═════ EXERCISE MATERIAL

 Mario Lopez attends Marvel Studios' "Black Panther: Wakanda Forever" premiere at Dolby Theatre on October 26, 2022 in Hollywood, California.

══════════
═════ EXERCISE MATERIAL

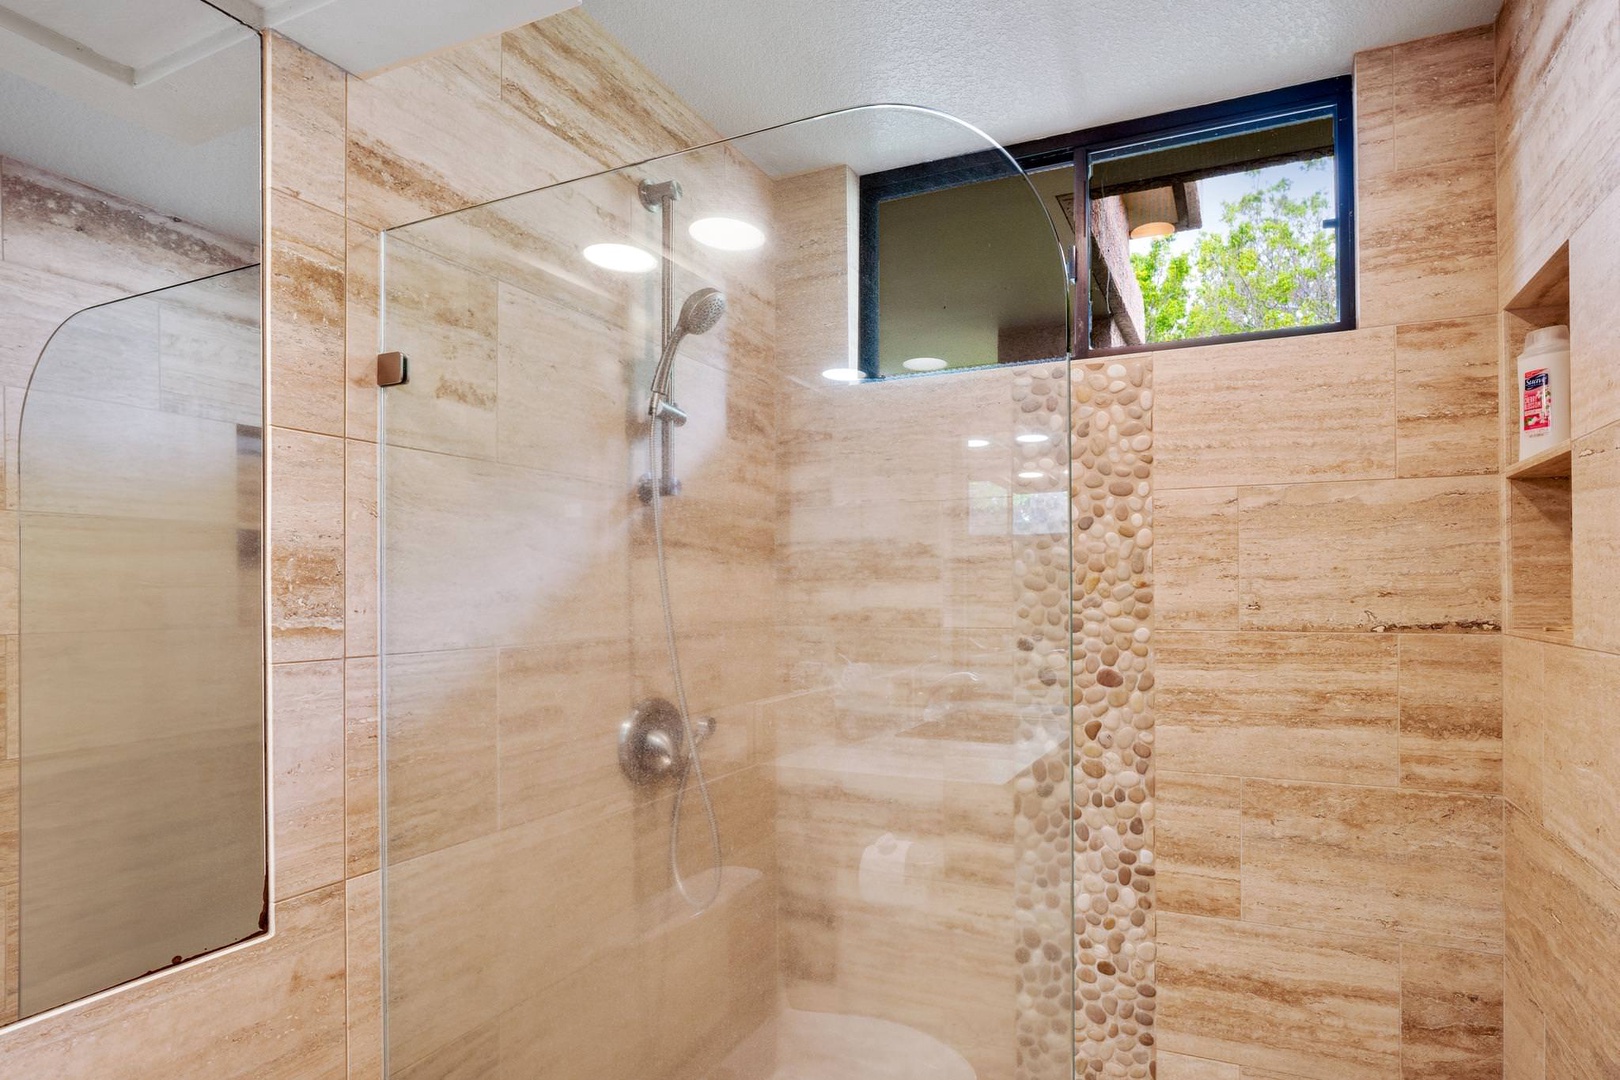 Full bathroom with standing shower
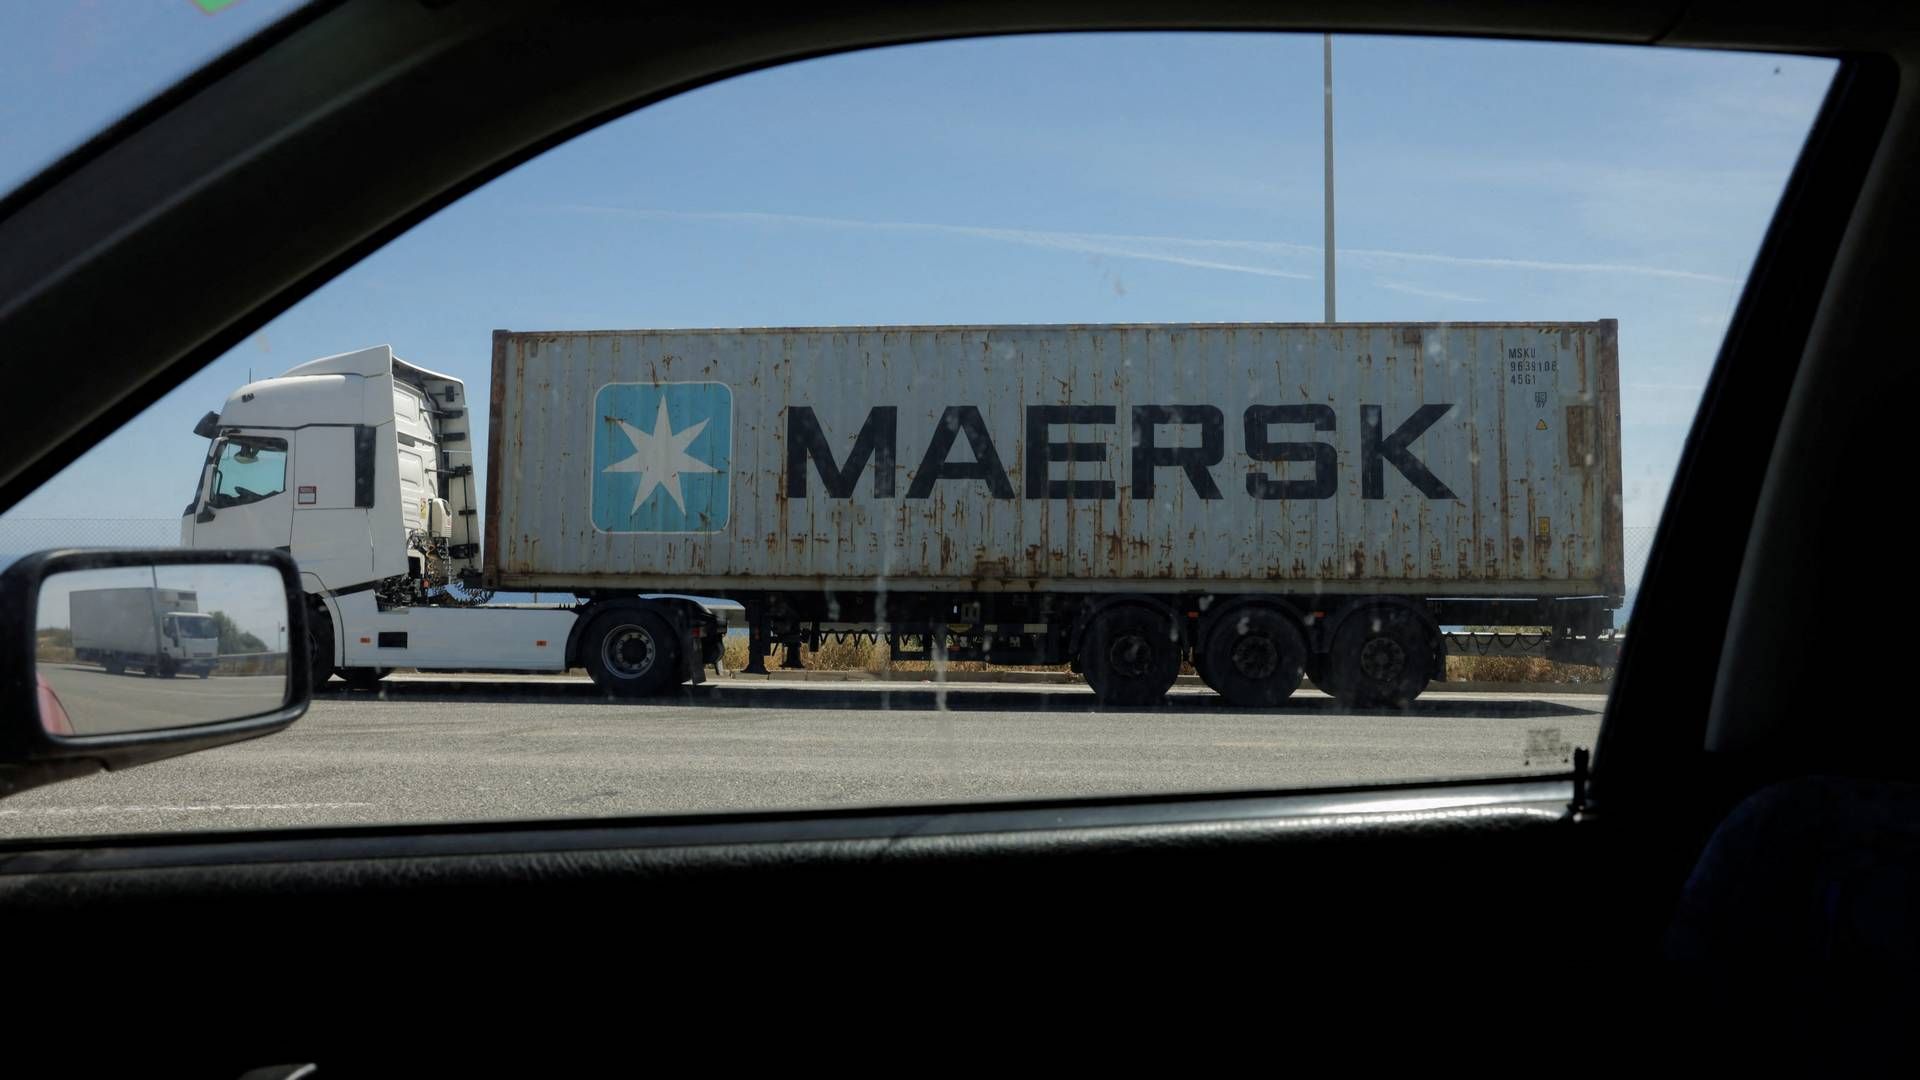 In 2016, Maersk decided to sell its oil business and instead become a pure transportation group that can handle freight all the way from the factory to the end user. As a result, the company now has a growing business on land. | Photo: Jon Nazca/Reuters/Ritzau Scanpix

══════════
═════ EXERCISE MATERIAL

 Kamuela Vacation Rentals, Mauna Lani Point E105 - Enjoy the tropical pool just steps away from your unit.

══════════

**WHAT THE TASK ASKS**
In the listing above, find the line with "Full bathroom with standing shower" and the line with "In 2016, Maersk". Copy both of them and every line between, exactly, but not the pictures.

**ANSWER BELOW**
 Full bathroom with standing shower
 In 2016, Maersk decided to sell its oil business and instead become a pure transportation group that can handle freight all the way from the factory to the end user. As a result, the company now has a growing business on land. | Photo: Jon Nazca/Reuters/Ritzau Scanpix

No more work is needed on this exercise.